Step by step solution
01
Understanding the Problem
We need to find two structural isomers of octane (\(C_8H_{18}\)) that have five carbon atoms in their main chain, with one ethyl and one methyl as substituents. A structural isomer has the same molecular formula but a different arrangement of atoms.
02
Constructing the Main Chain
Since the isomers need a five-carbon main chain, we draw a straight chain with five carbon atoms: \(C-C-C-C-C\). This forms the backbone of each isomer.
03
Placing the Ethyl Group
An ethyl group \((C_2H_5)\) consists of two carbon atoms. It can be attached to the second or third carbon of the main chain to create different isomers. We avoid the first and last carbon to maintain the five-carbon chain.
04
Placing the Methyl Group
A methyl group \((CH_3)\) consists of one carbon atom. It also needs to be attached to the main chain. We place it on the remaining available carbons to form a valid structure.
05
Drawing the First Isomer
In the first possibility, place the ethyl group on the second carbon and the methyl group on the third carbon. This gives the structure: \(\begin{array}{c} \text{CH}_3-\text{CH}(\text{C}_2\text{H}_5)-\text{CH}(\text{CH}_3)-\text{CH}_2-\text{CH}_3 \end{array}\).
06
Naming the First Isomer
Using the IUPAC naming system, the name for this structure is 3-Ethyl-2-methylpentane.

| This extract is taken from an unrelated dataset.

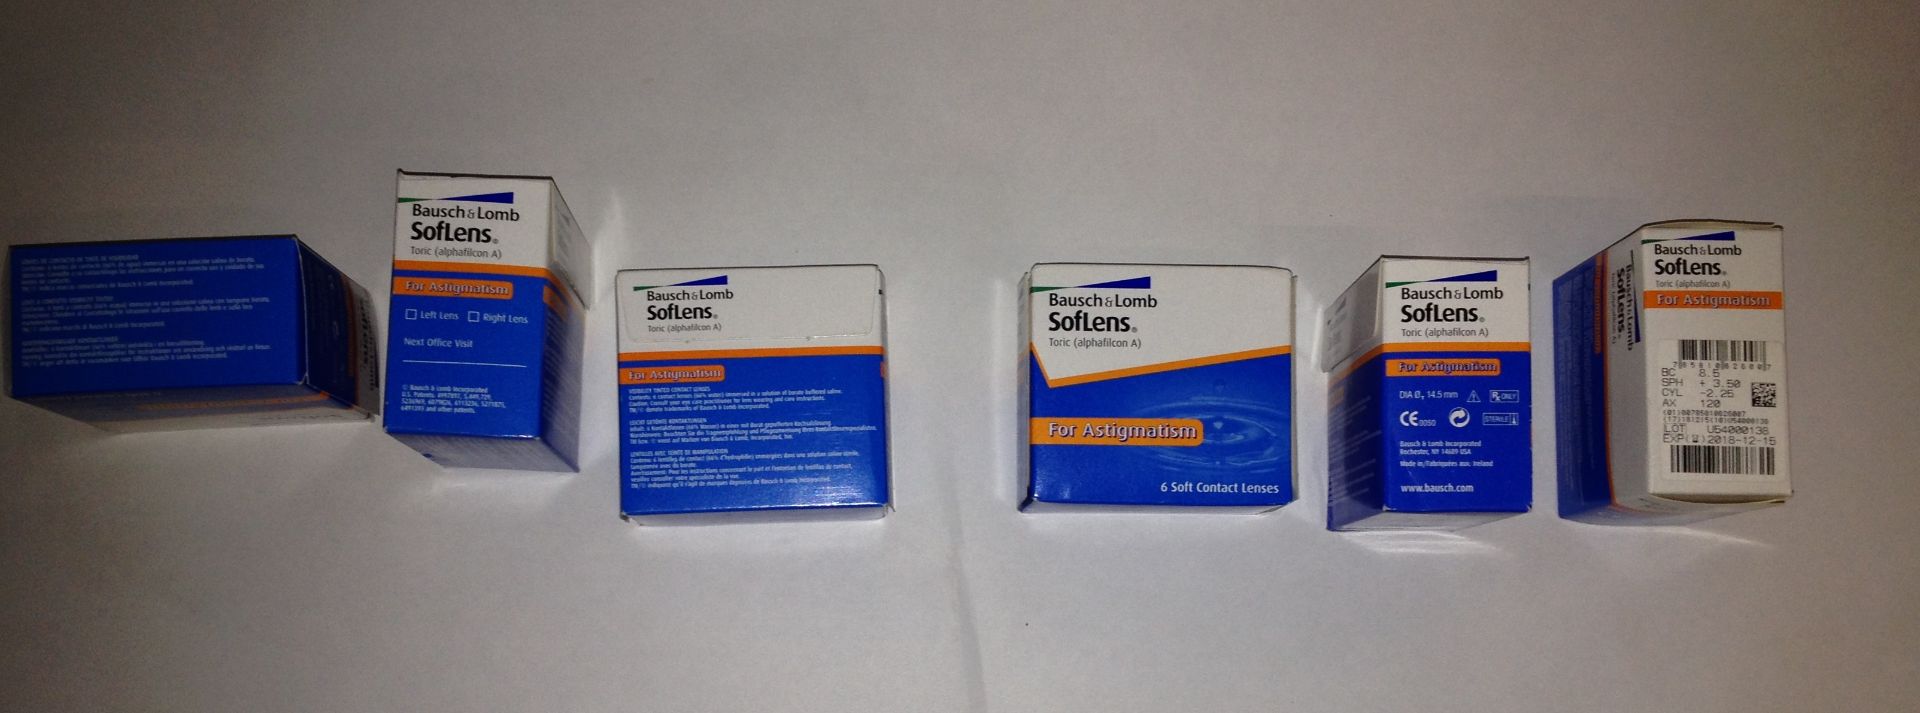 45 x 6 x Bausch & Lomb Softlens Toric (alphafilicon A) For Astigmatism contact lenses - Image 2 of 2

Here '3-ethyl' indicates the ethyl group is on the third carbon, and '2-methyl' indicates the methyl group is on the second carbon.
07
Drawing the Second Isomer
In the second possibility, place the ethyl group on the third carbon and the methyl group on the second carbon. This gives the structure: \(\begin{array}{c} \text{CH}_3-\text{CH}(\text{CH}_3)-\text{CH}(\text{C}_2\text{H}_5)-\text{CH}_2-\text{CH}_3 \end{array}\).
08
Naming the Second Isomer
Using IUPAC naming, the name for the second structure is 2-Ethyl-3-methylpentane, where '2-ethyl' indicates the ethyl group is on the second carbon, and '3-methyl' indicates the methyl group is on the third carbon.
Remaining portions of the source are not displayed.